First, can I just say: fruit. Fruit. This is what I want to taste when someone tells me a wine is ‘fruity’. I want it to be — like this — as if I’d just crammed my thirsty gob with a handful of sharp, wild berries, picked from, oh, I don’t know, a forest thicket or something. All bright and sharp and savage, the shudder-inducing burst of flavour giving way to the bitter, matt cud of the skins.

That’s fruity. Let us never forget, and allow some oily bell-end in an ugly suit sell us the notion that ‘fruity’ actually means ‘tastes like fucking synthetic fruit-flavoured sugar-water’.

So this is fruity like wild cherries fished from your the pocket of your grandad’s tweed jacket — overlaid with spice and tobacco and polish and leather. Still youthful, oh yes — but this is a kind of autumnal youth, a rustic youth. Not a lab-grown, foetal youth.

I love wine like this — wine that combines a come-and-get-me vitality with a self-confident integrity.

And reminds us that the word fruity belongs to us, to the hedgerows, to the soil — not to some bunch of pink-tied FMCG wankers.

Rating ★★★★ 4 stars (very good)
Region Moulin-a-Vent, Beaujolais
Grape(s) Gamay
ABV 13%
Price £10.99 from The Wine Society (no longer available)

English Bacchus Reserve, Chapel Down

… will give you a subtly blossomed English caress — but perhaps leave you dreaming of ecstatic frenzy and phallic symbolism

A bottle of English Bacchus from Marks & Spencer. Stylish black, red and gold label

Trust the Romans, eh?

Those unimaginative Romans, who came along and — without a by-your-leave — pinched the Greeks’ pantheon of gods, slapped a bunch of considerably less poetic names on them, carried out a few changes to make them altogether that bit more shit, and touted them as their own.

The Romans were a bit like Microsoft.

Anyhow. Bacchus was the Romans’ rebranded version of the Greeks’ Dionysus, god of wine — a tantalisingly androgynous kind of chap, holding (according to the oracular Wikipedia) ‘a fennel staff, tipped with a pine-cone and known as a thyrsus’.

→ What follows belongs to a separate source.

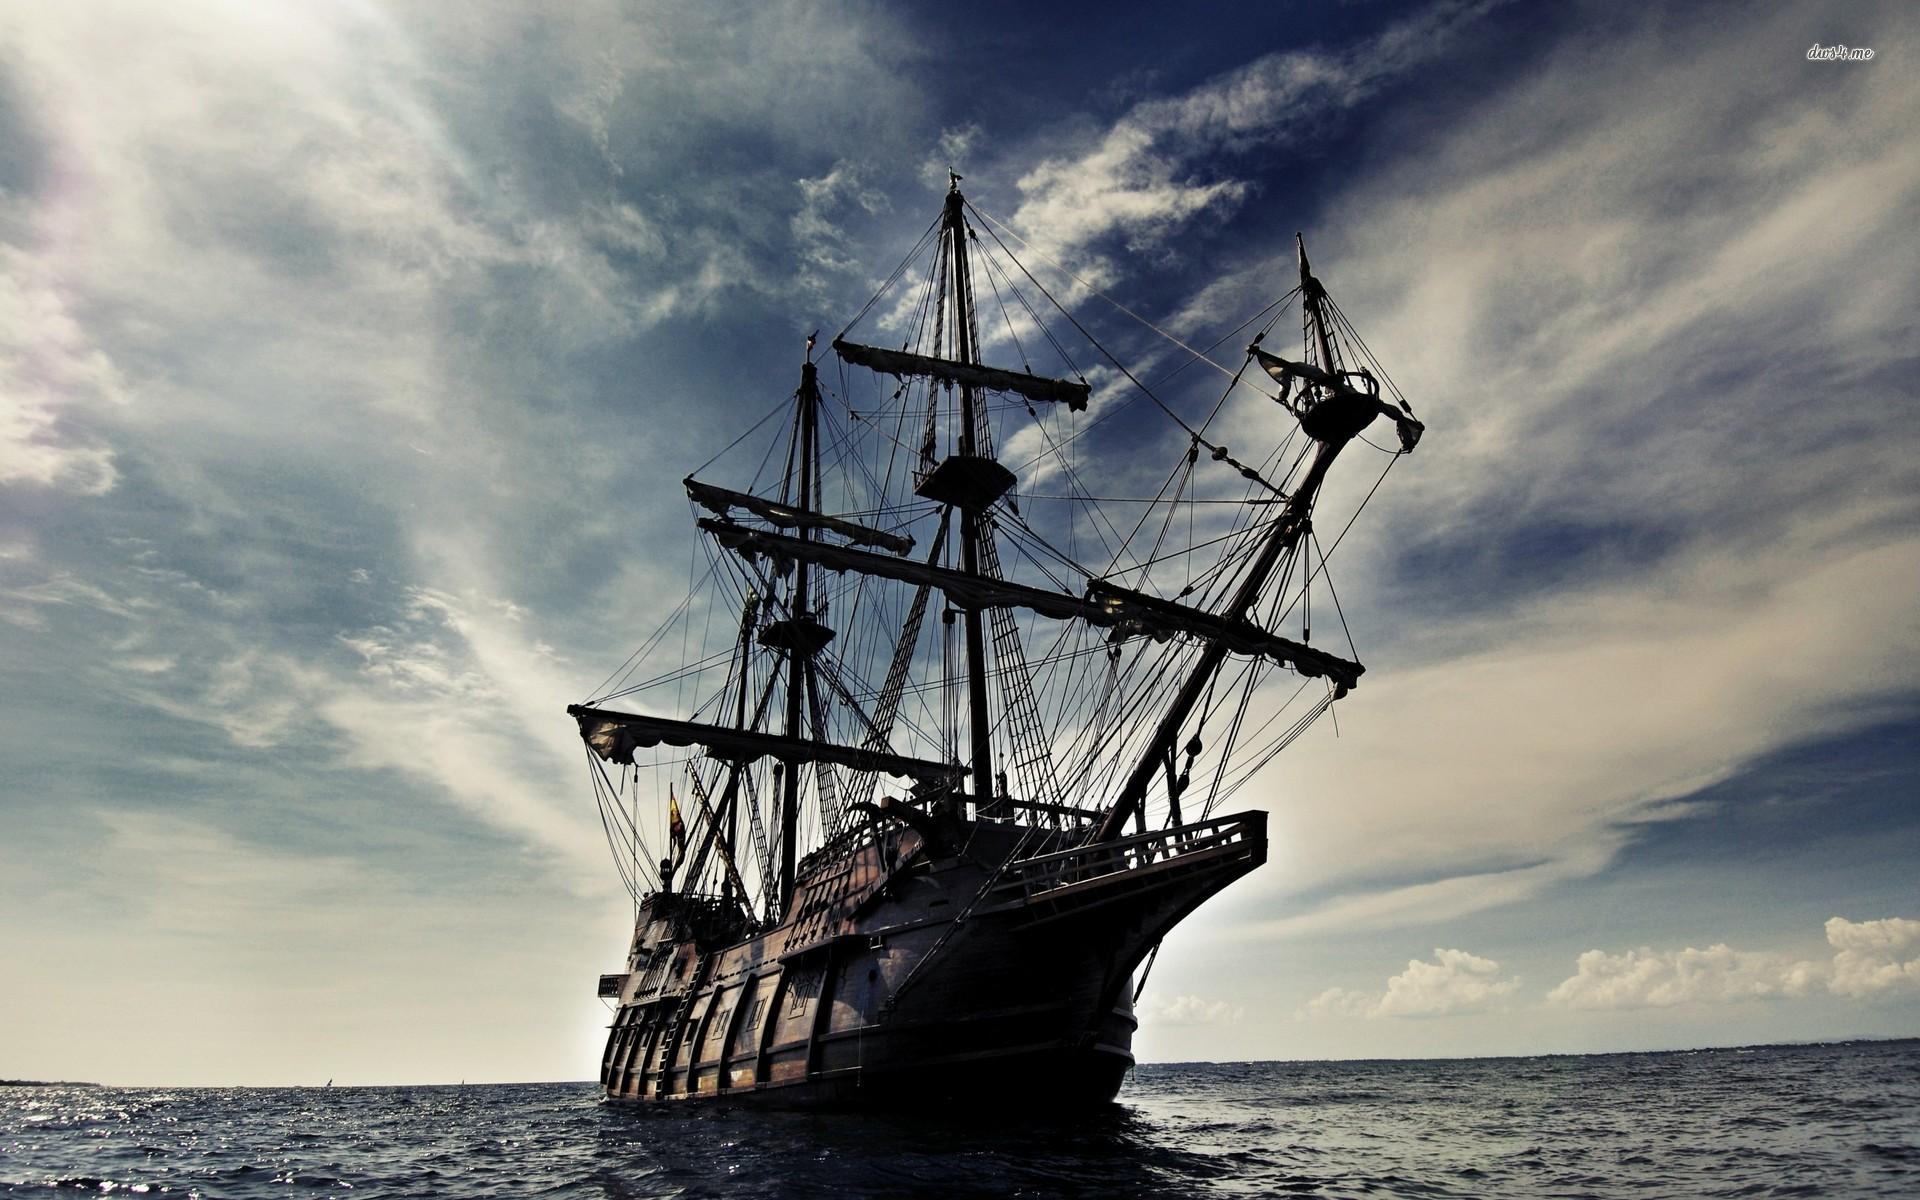 Hd Pirate Ship Wallpaper: The Black Pearl Wallpaper

For my next profile picture, incidentally, I intend to brandish a thyrsus, sure in the knowledge that I’ll thereby attract a large following of ecstatically raving bacchantes — female devotees who, via dancing and intoxication, ‘lose all self-control, begin shouting excitedly [and] engage in uncontrolled sexual behaviour’.

(Not to imply that I don’t already enjoy such a following, natch.)

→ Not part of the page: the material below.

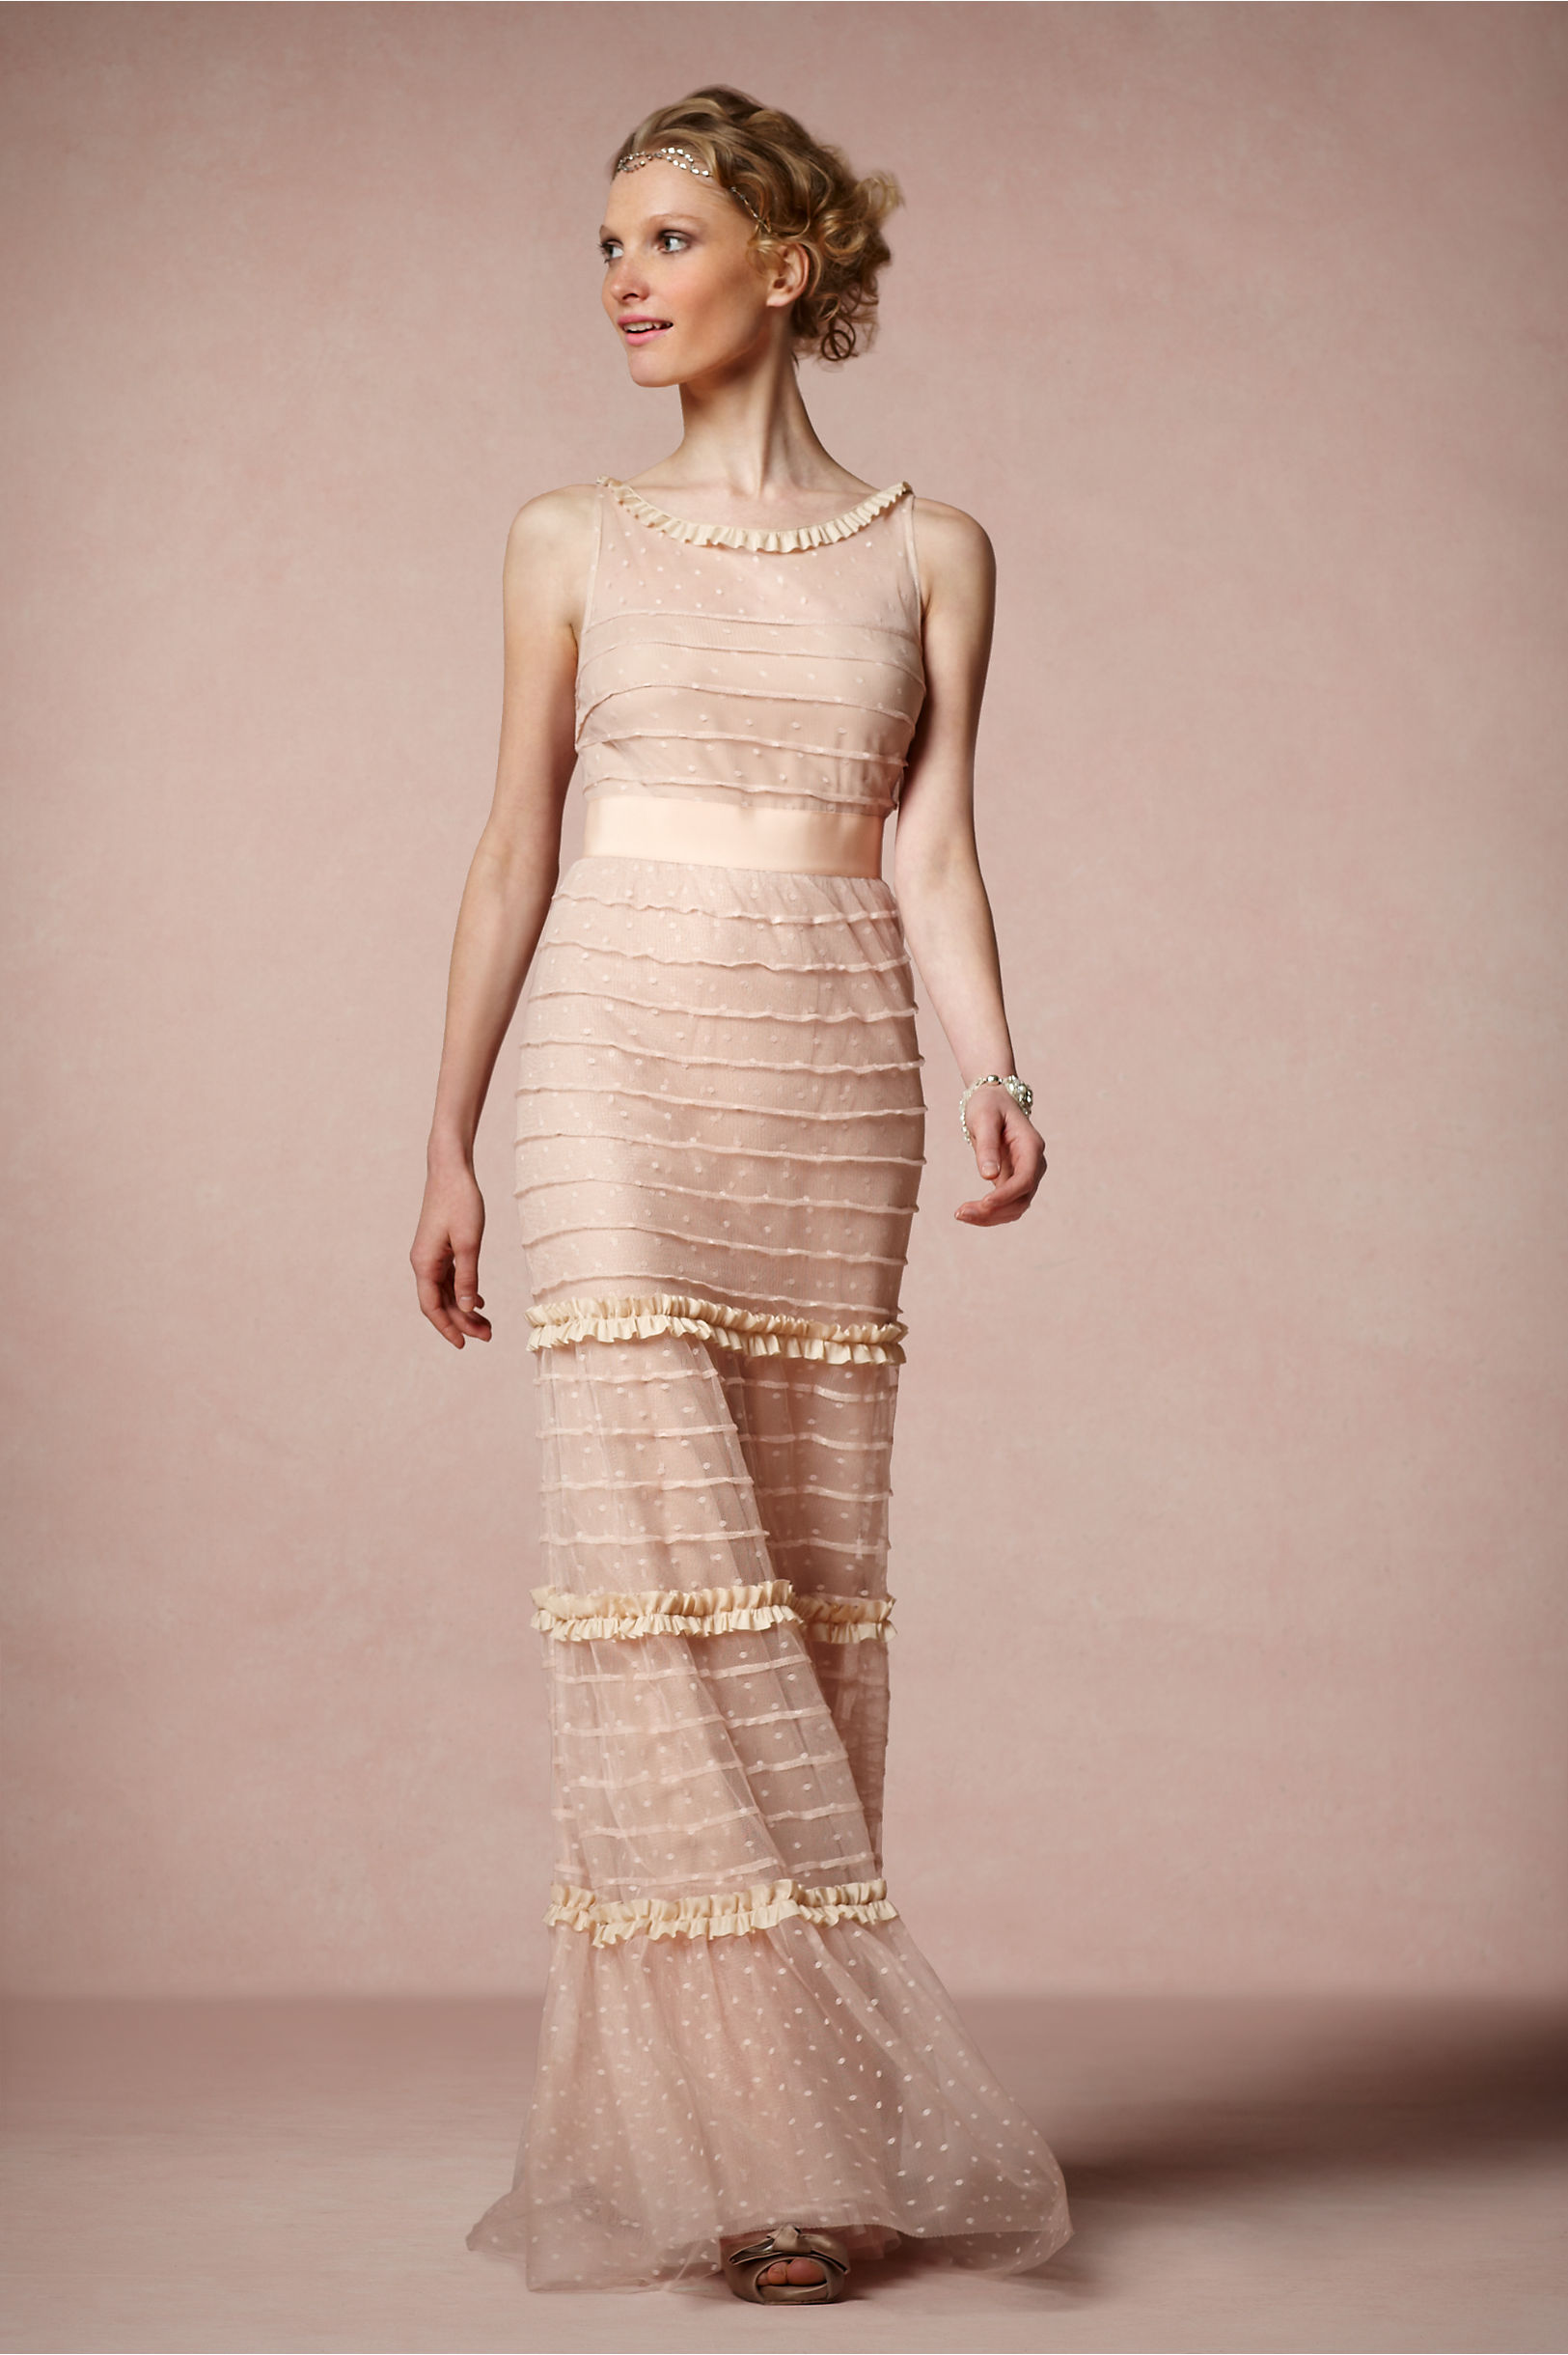 Swansdown Dress in Bridal Party | BHLDN

Anyhow. Bacchus is also — and I hope this doesn’t come as too much of a crashing shock to you, after all that deity stuff — a grape variety. Grown in England, of all places.

So from Olympian heights, we find ourselves in the wine aisle of Marks & Spencer.

Mundane enough for you?

But let’s stave off thoughts of our own desperate mortality and get some of the stuff down our gullet, shall we? (Reminder: if you actually are in the wine aisle of M&S, you should probably buy the bottle and get it home before you do this.)

So — what’ve we got? First off, bacchus bears more than a passing likeness to sauvignon blanc. It has that springy zing to it. But here, there’s an appley softness, too. A subtly blossomed caress, if you want to get all wanky about it.

Yeah, it’s rounder, more welcoming, less showy-off than your everyday sauvignon blanc. Not quite as ‘June is bustin’ out all over’, y’know? But still with that crispness, that green taste to it — if you’ll forgive me coming over all synesthaesiac on you.

Nice and long and dry, with rather a lovely balance.

Yeah, it’s on the pricey side (which keeps it from earning that oh-so-coveted fourth star) — but perhaps that’s what you have to stump up for a subtly blossomed English caress, these days.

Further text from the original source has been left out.